Which is exactly what’s happening, as Manchin stands firm in defending the filibuster and much of his party wants to wring his neck.

If that’s how it stays, the result would be another key part of McConnell’s plan: seeing Democratic voters grow disgusted with their party’s inability to produce genuine gains on progressive priorities, to the point that some of those voters decide that there isn’t much reason to turn out to vote in 2022.

But Republican voters will probably turn out in strong numbers, making it a typical midterm election — i.e., one in which the opposition party gains seats. Although it’s more likely that they’ll take the House, they could easily take the Senate too, putting McConnell back in charge.

If they take even one house, there will be no more real legislating for Biden.
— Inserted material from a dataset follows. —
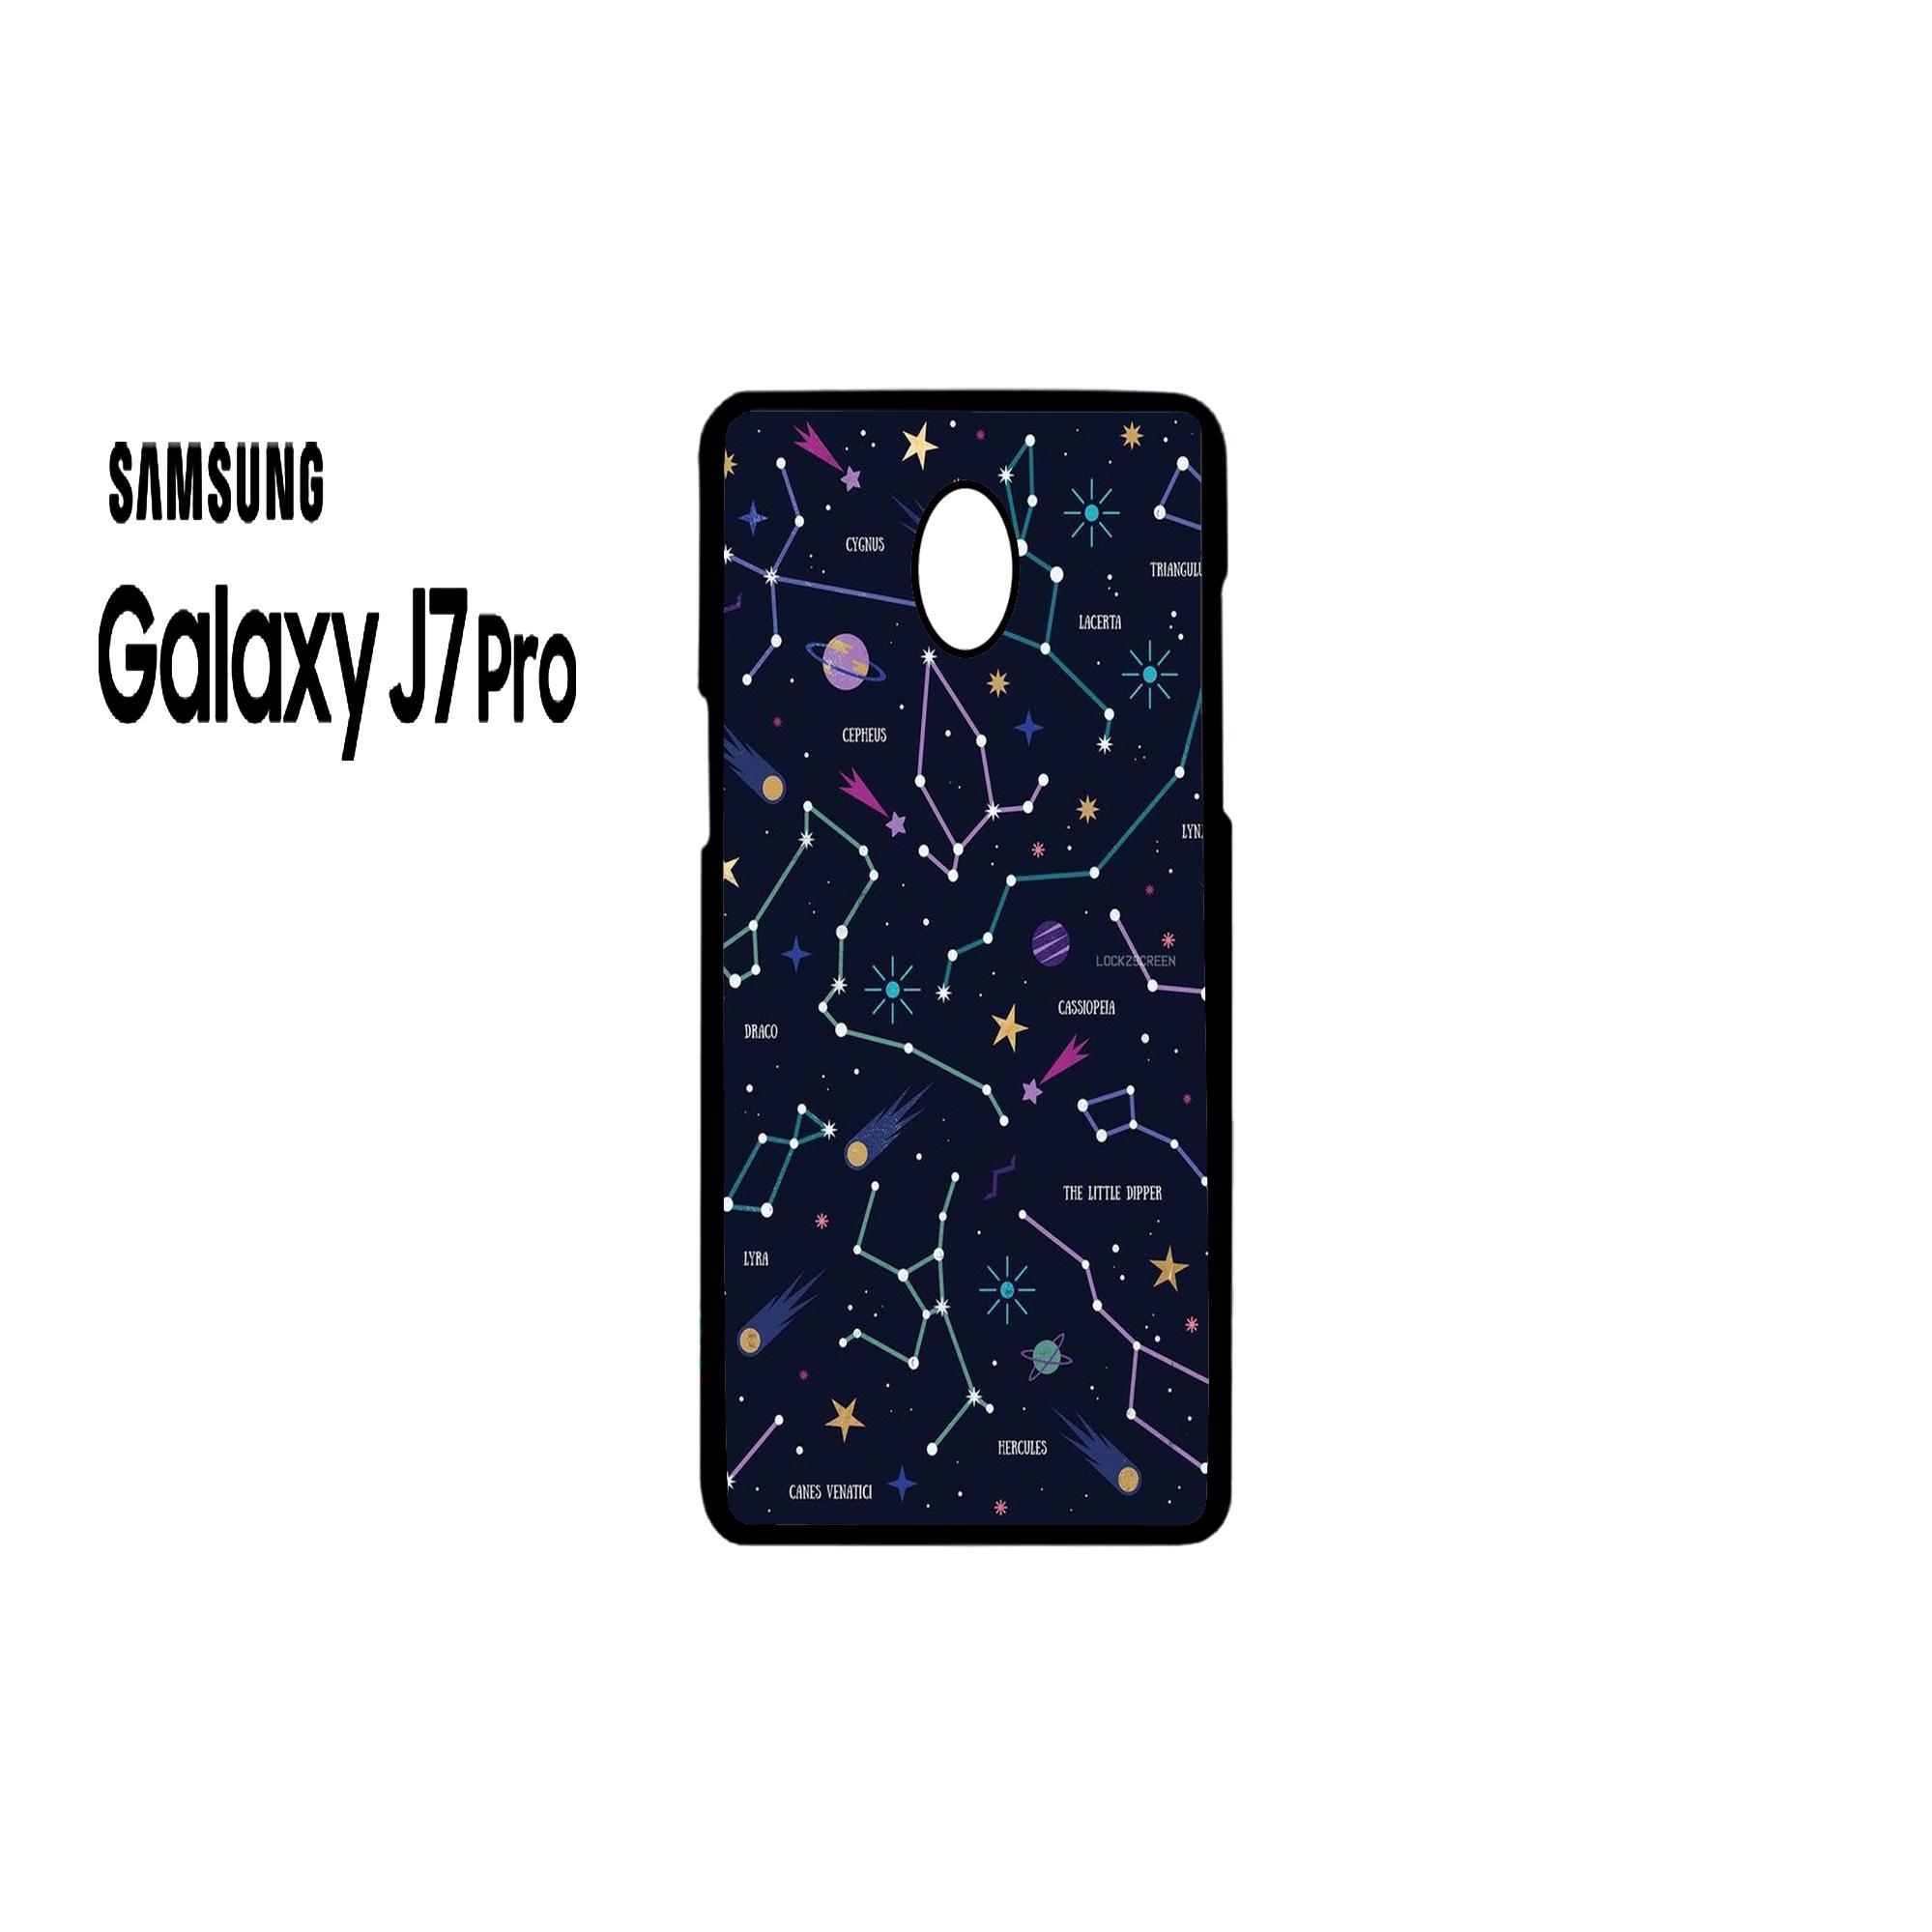 Rajamurah fasion printing case Samsung Galaxy J7pro - 5

Republicans may allow budget bills to pass so the government doesn’t shut down, but they’ll try to extract brutal budget cuts in exchange, which would hamper the economy and make Biden less popular.

If they take the Senate, McConnell could keep Biden from filling judicial vacancies on any federal court, continuing the project of swinging the judiciary to the right that he began when he first became majority leader in 2015.

Meanwhile, in the states Republicans are waging an outright war on democracy, which will make it easier for Republicans to win elections even when a majority of voters would like to elect Democrats.

McConnell must hardly be able to believe his luck. He knew that throwing sand in the gears wouldn’t be easy, but now Manchin is doing it for him.

The most important result is not only that Democrats won’t get to pass the things they want — a higher minimum wage, action on climate change, expanding health coverage, guaranteeing abortion rights, addressing gun violence, strengthening workers’ rights — all of which Republicans would prefer not to see happen. It’s also that, in a broader sense, government looks ineffectual, which is an absolutely vital part of McConnell’s plan.

This is how the filibuster makes our system utterly unresponsive to the desires of the electorate: People vote for a party based on the agenda it presents, then that party is completely unable to deliver what it promised. They then grow unhappy and give the other party a chance, but that party can’t deliver either.

But this doesn’t affect both parties equally. In fact, it’s exactly how McConnell wants the system to work.

That’s because at this moment in history, the Republican Party’s substantive agenda is almost entirely negative. Democrats have many things they would like to do with power if they have it, while what motivates Republicans is primarily stopping Democrats from doing things. Other than relieving the rich and corporations of the burden of paying taxes, there’s very little Republicans want to do.

So gridlock is fine with them on substantive terms and great for them politically, because it communicates that government can’t do anything right and you might as well elect the party that doesn’t want it to do much anyway.

There’s a lot of time between now and next November. But imagine if at the start of this year when Democrats took the Senate you had asked McConnell what he was hoping for from the next couple of years.

He’d have said he wanted the Democrats to pass nothing beyond reconciliation, because the filibuster would still be intact. A commission to investigate the Jan. 6 insurrection? Forget that, he’d have said. He’d want Democrats to be internally divided and the stage set for the GOP to take over Congress. Whereupon he could really make Biden’s life miserable.

It all seems to be going according to plan.